Factorial, Double Factorial, and Multifactorial
Factorial
For a natural number $n$, $n!$ is read as $n$factorial and is defined as follows.
$$ n!=n\cdot(n-1)\cdot(n-2)\cdots 2\cdot 1 =\prod\limits_{k=1}^n k $$
Description
It is used in many places to neatly express equations. The factorial of $0$ is defined as $0!:=1$. By generalizing the domain of definition of factorial, one can also define something called a Gamma function.
Double Factorial
For a natural number $n$, $n!!$ is read as $n$double factorial and is defined as follows.
$$ n!!=n\cdot (n-2)\cdot (n-4) \cdot (n-6) \cdots $$
Description
If a factorial is the product of values subtracted by $1$ from $n$, then the double factorial is the product of values subtracted by $2$ from $n$. Therefore, if $n$ is even, the multiplication ends at $2$, and if it is odd, the multiplication ends at $1$. If $n$ is even,
$$ n!!=\prod \limits_{k=1}^{\frac{n}{2}}(2k)=n\cdot(n-2)\cdots 4\cdot 2 $$
If $n$ is odd,
$$ n!!=\prod \limits_{k=1}^{\frac{n+1}{2}}(2k-1)=n\cdot(n-2)\cdots 3\cdot 1 $$
For example, if $7!!=7\cdot 5\cdot 3\cdot 1=105$ and $10!!=10\cdot 8\cdot 6\cdot 4\cdot 2=3840$
$n!!$ is not often used because it can be confused with the notation of $(n!)!$. Of course, there aren’t many practical uses for it either. However, it is used for convenience when dealing with complex equations in quantum mechanics, among other areas. Like factorial, it is defined as $0!!=1$.
Multifactorial
For a natural number $n>k$, $n!^{(k)}=n!_{k}$ is defined as follows and called multifactorial.
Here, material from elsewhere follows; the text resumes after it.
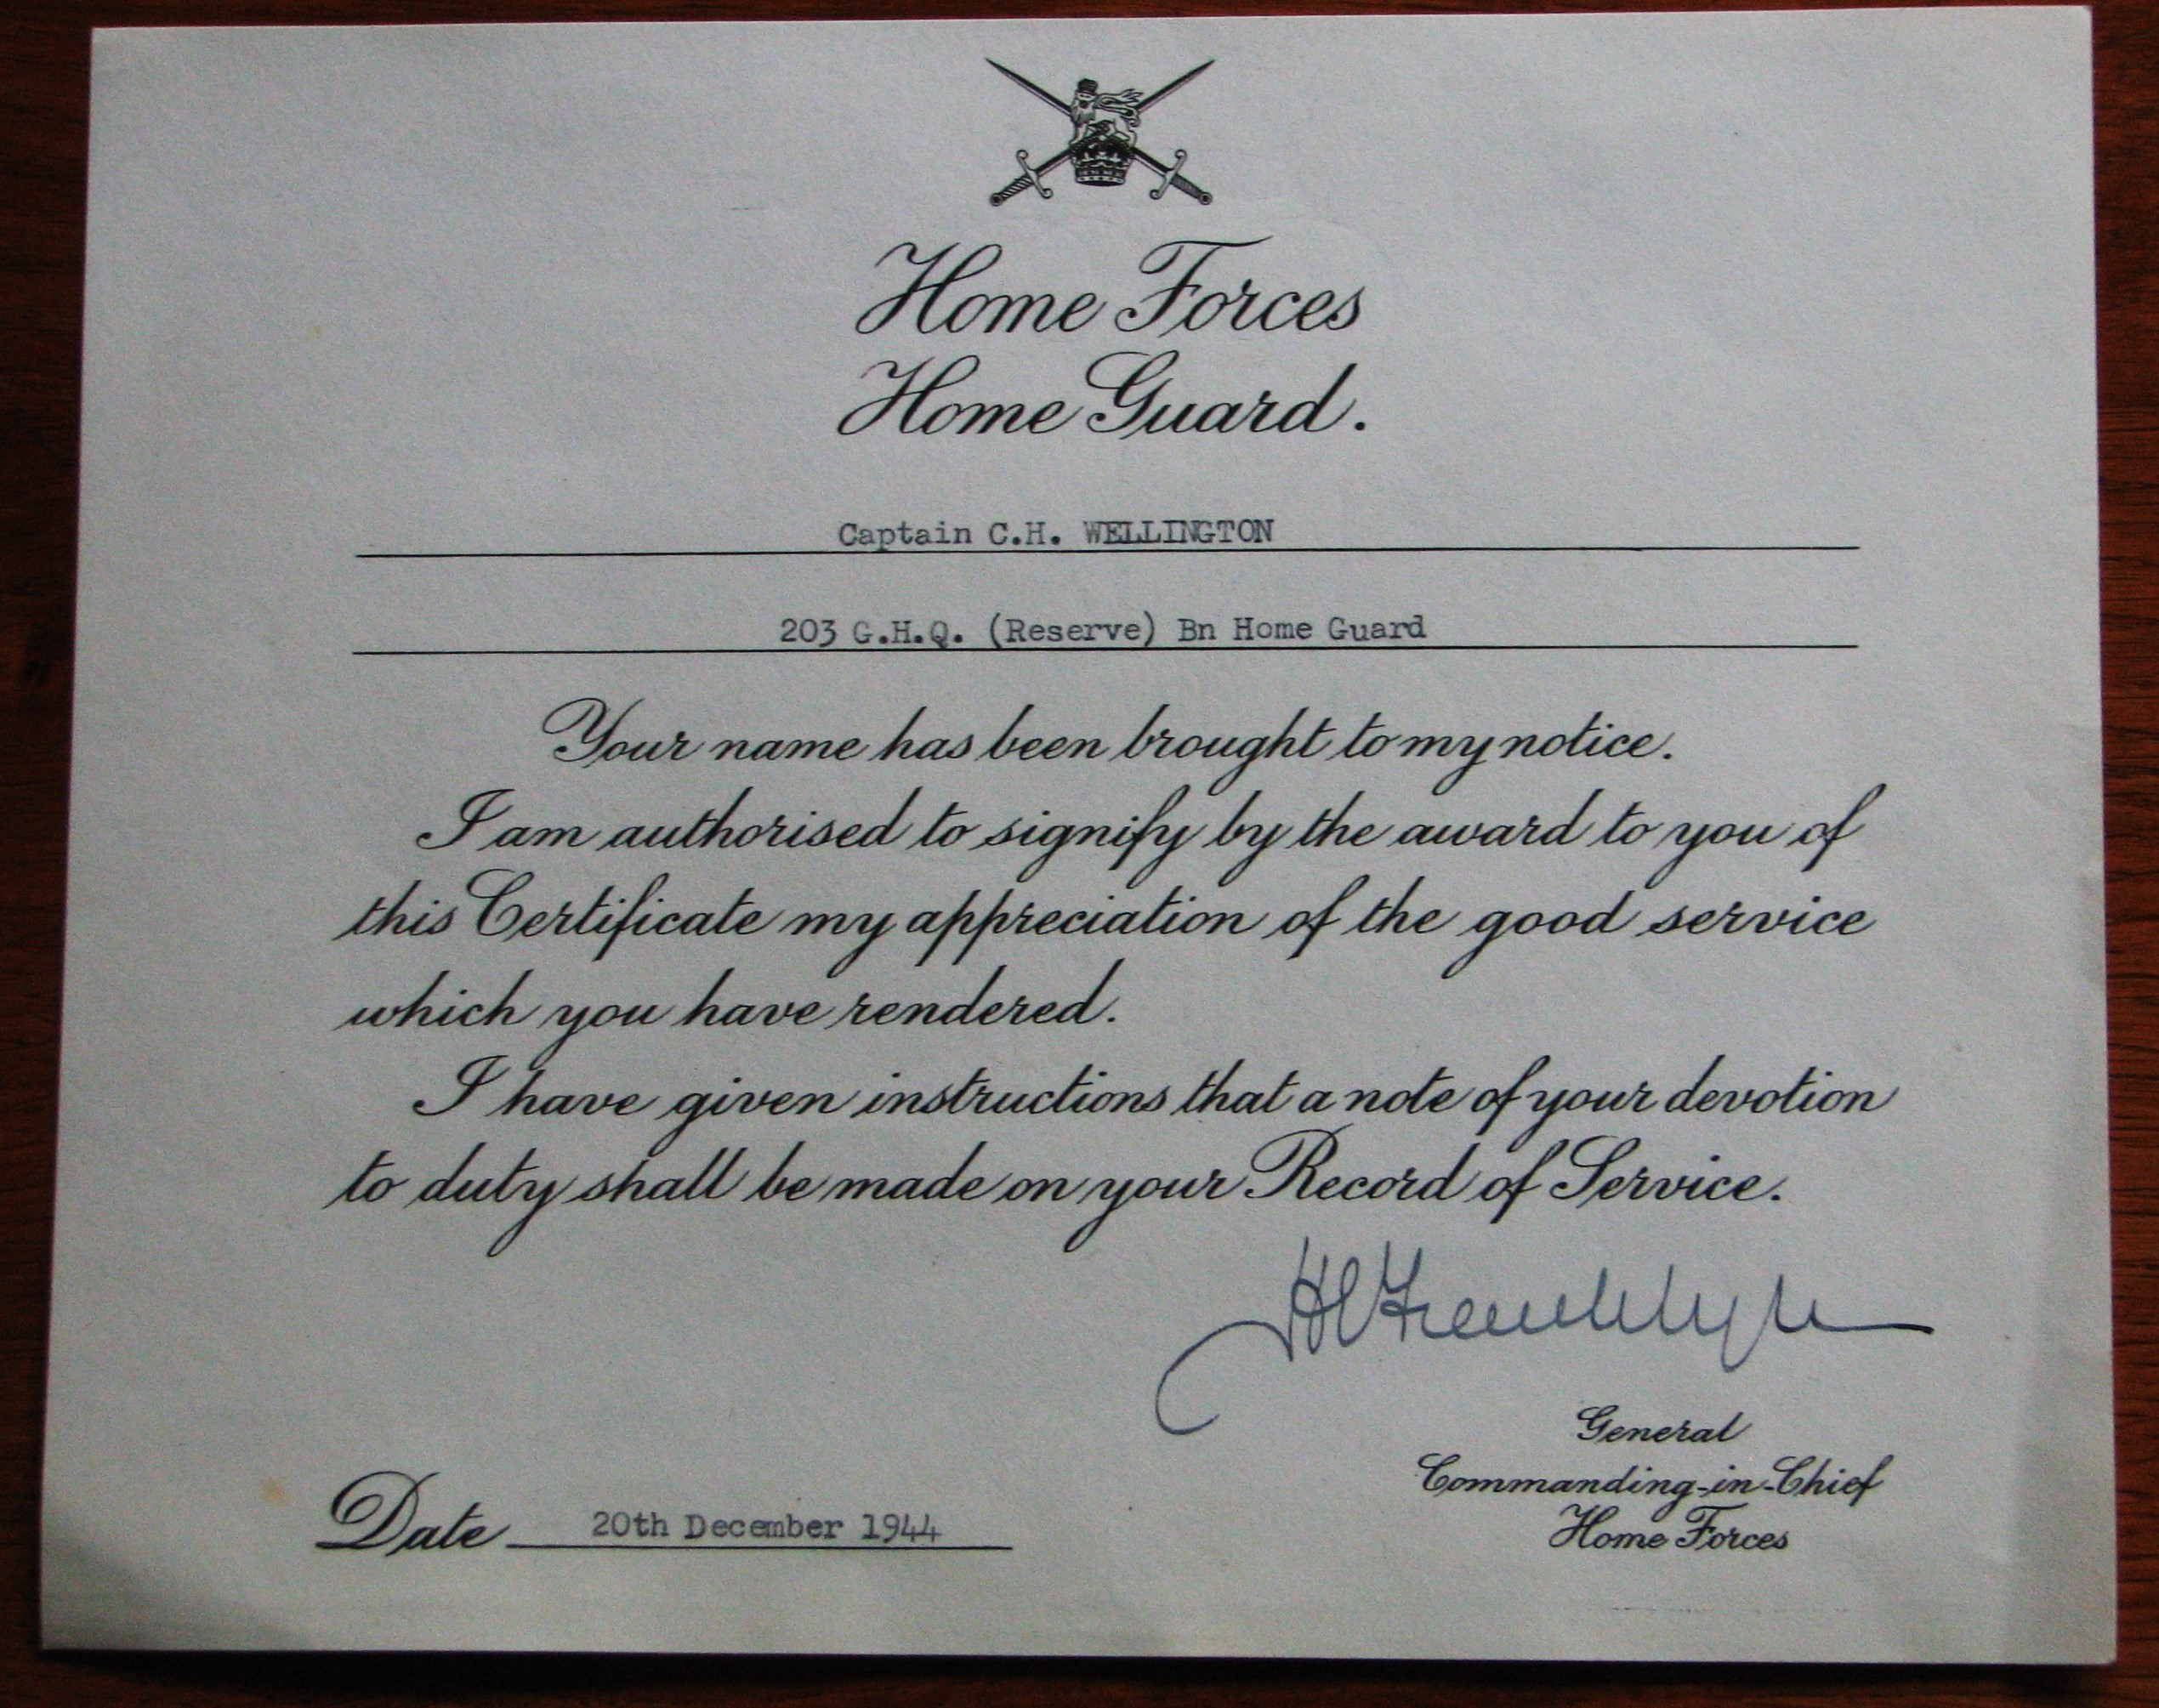 Cyril Wellington certificate of service

$$ n!^{(k)}=n\cdot(n-k)\cdot (n-2k) \cdot (n-3k)\cdots $$
Description
If the Gamma function extends the domain of definition of factorial, then the multifactorial can be seen as an extension of the properties of factorial itself. Since double factorial is seldom encountered, naturally, multifactorials are even rarer. Start from $n$ and multiply by subtracting the number of exclamation marks until a negative value is obtained. For example,
$$ 9!!!!=9\cdot 5\cdot 1,\quad 8!!!=8\cdot 5\cdot 2 $$
In the case of $0<n \le k$, it is defined as $n!^{(k)}=n$, and in the case of $-k < n\le 0$, it is defined as $n!^{(k)}=1$.